10

I am using rvest to parse a website. I'm hitting a wall with these little non-breaking spaces. How does one remove the whitespace that is created by the   element in a parsed html document?

library("rvest")
library("stringr")  

minimal <- html("<!doctype html><title>blah</title> <p>&nbsp;foo")

bodytext <- minimal %>%
  html_node("body") %>% 
  html_text

Now I have extracted the body text:

bodytext
[1] " foo"

However, I can't remove that pesky bit of whitespace!

str_trim(bodytext)

gsub(pattern = " ", "", bodytext)
MichaelChirico
  • 33,841
  • 14
  • 113
  • 198
AndrewMacDonald
  • 2,870
  • 1
  • 18
  • 31

6 Answers6

11

jdharrison answered:

gsub("\\W", "", bodytext)

and, that will work but you can use:

gsub("[[:space:]]", "", bodytext)

which will remove all Space characters: tab, newline, vertical tab, form feed, carriage return, space and possibly other locale-dependent characters. It's a very readable alternative to other, cryptic regex classes.

hrbrmstr
  • 77,368
  • 11
  • 139
  • 205
  • 3
    Unfortunately that latter solution, however readable, doesn't work. The problem seems to involve encoding (see my comment to @MrFlick) – AndrewMacDonald Dec 01 '14 at 21:23
  • However, the `\\W` technique DOES work! So apparently, whatever that space is encoded as in my locale, it ISN'T a word! – AndrewMacDonald Dec 01 '14 at 21:24
  • unchecked because while that does work, removing nonword characters is too extreme for my application, and I still really want to know how to match this space! – AndrewMacDonald Dec 01 '14 at 22:00
11

I have run into the same problem, and have settled on the simple substitution of

gsub(intToUtf8(160),'',bodytext)

(Edited to correct case.)

shabbychef
  • 1,940
  • 3
  • 16
  • 28
3

The &nbsp stands for "non-breaking space" which, in the unicode space, has it's own distinct character from a "regular" space (ie " ").

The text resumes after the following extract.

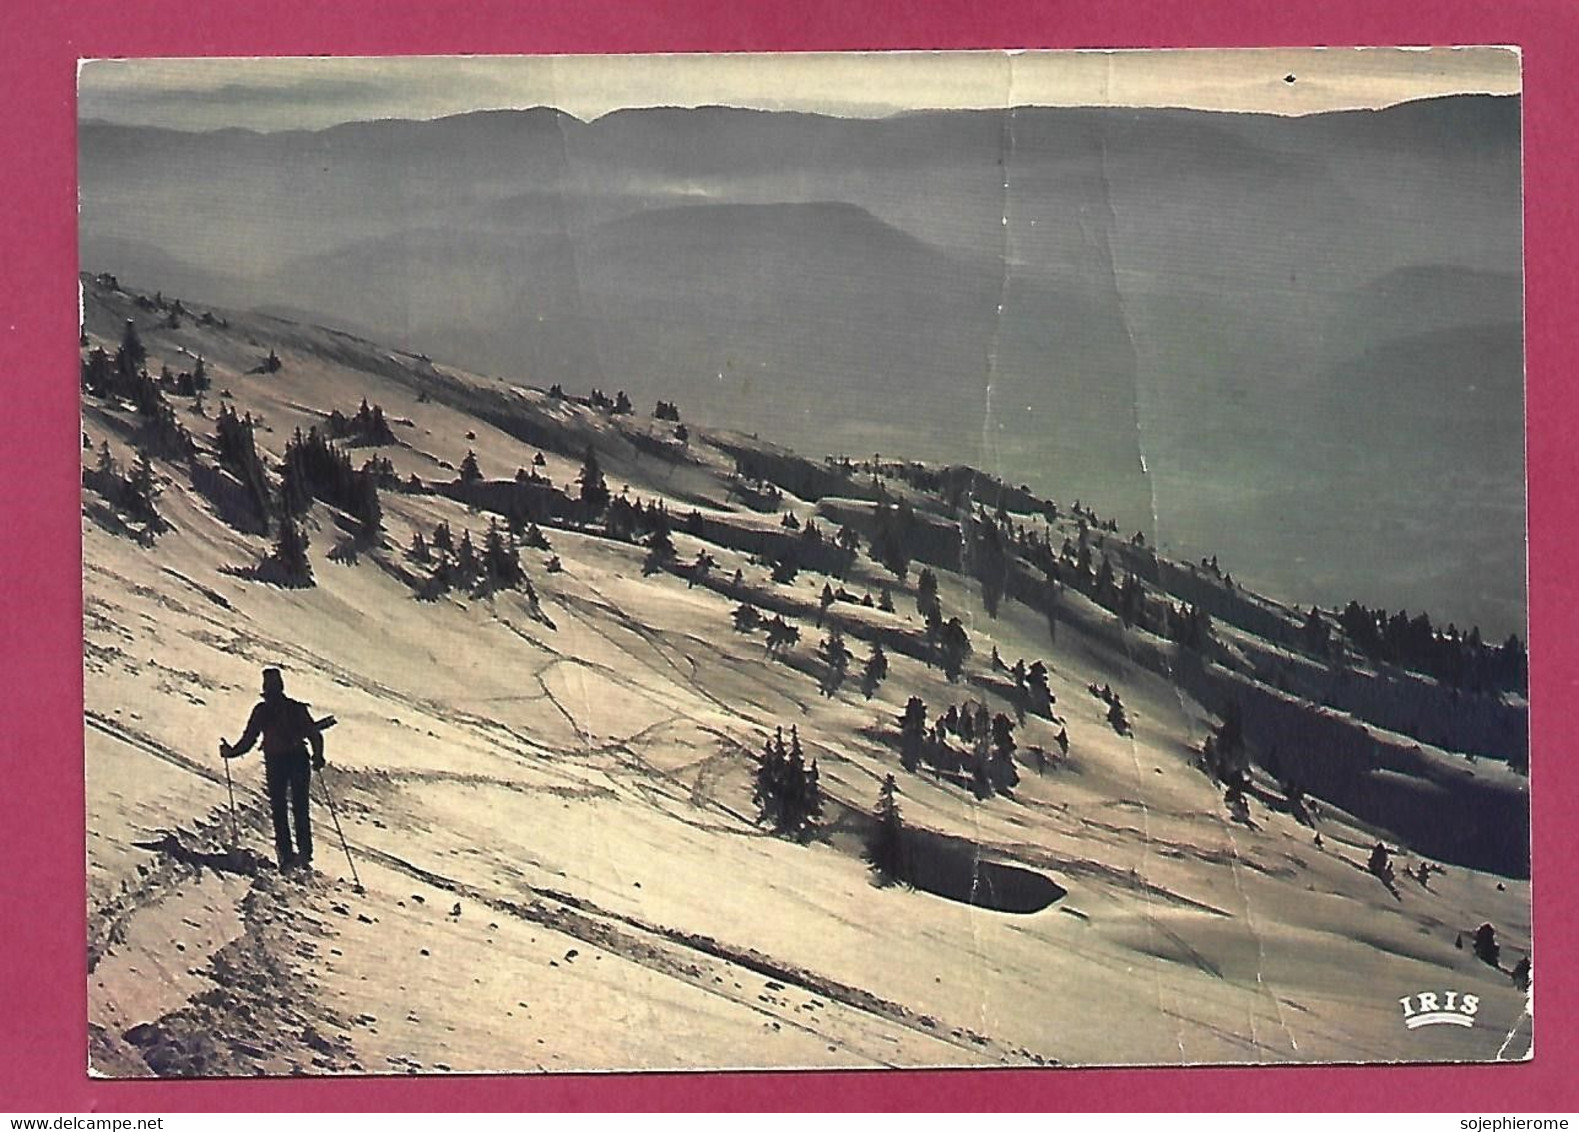 Ambiance Hivernale Ski De Fond 2scans Cachet Et Flamme De Chamonix-Mont-Blanc 01-02-1982 - Sports D'hiver

Compare

charToRaw(" foo")
# [1] 20 66 6f 6f
charToRaw(bodytext)
# [1] c2 a0 66 6f 6f

So you'd want to use one of the special character classes for white space. You can remove all white spaces with

gsub("\\s", "", bodytext)

On Windows, I needed to make sure the encoding of the string was set properly

Encoding(bodytext) <- "UTF-8"
gsub("\\s", "", bodytext)
MrFlick
  • 195,160
  • 17
  • 277
  • 295
  • that `charToRaw` function is wonderful! OK so I'd actually tried something similar. As per [this answer](http://stackoverflow.com/questions/4515117/php-parsing-problem-nbsp-and-%C3%82), the ` ` gets interpreted as "Â" and " ". The trouble is that while I could match the "Â" with a regex, I cannot do so with the space. Your encoding trick didn't help. Forgive me for not reproducing this work here; I could not get the "Â" to replicate in my example – AndrewMacDonald Dec 01 '14 at 21:21
  • You'll see the "Â" if you don't have the encoding properly set on the variable. What do you get if you do `Encoding(bodytext)`? You can also probably safely set it to "latin1" – MrFlick Dec 01 '14 at 21:25
  • 2
    `Encoding(bodytext)` returns `UTF-8`, yet what appears as a blank space cannot be matched by any expression that targets spaces, neither `\\s` nor `[:space:]` – AndrewMacDonald Dec 01 '14 at 21:43
  • You should amend your question to include the results of `sessionInfo()` which should have R version and OS version. So you're saying you don't see the "Â", you see a space but `\\s` doesn't match it? And you're testing on the example in your original post? And you get the same `charToRaw()` values as I do? – MrFlick Dec 01 '14 at 22:10
3

Posting this since I think it's the most robust approach.

I scraped a Wikipedia page and got this in my output (not sure if it'll copy-paste properly):

x <- " California"

And gsub("\\s", "", x) didn't change anything, which raised the flag that something fishy is going on.

To investigate, I did:

dput(charToRaw(strsplit(x, "")[[1]][1]))
# as.raw(c(0xc2, 0xa0))

To figure out how exactly that character is stored/recognized in memory.

With this in hand, we can use gsub a bit more robustly than in the other solutions:

gsub(rawToChar(as.raw(c(0xc2, 0xa0))), "", x)
# [1] "California"

(@MrFlick's suggestion to set the encoding didn't work for me, and it's not clear where @shabbychef got the input 160 for intToUtf8; this approach can be generalized to other similar situations)

MichaelChirico
  • 33,841
  • 14
  • 113
  • 198
0

Using rex may make this type of task a little simpler. Also I am not able to reproduce your encoding problems, the following correctly substitutes the space regardless of encoding on my machine. (It is the same solution as [[:space:]] though, so likely has the same issue for you)

re_substitutes(bodytext, rex(spaces), "", global = TRUE)

#> [1] "foo"
Jim
  • 4,687
  • 29
  • 30
0

I was able to remove &nbsp; spaces at the beginning and end of strings with mystring %>% stringr::str_trim().

jtr13
  • 1,225
  • 11
  • 25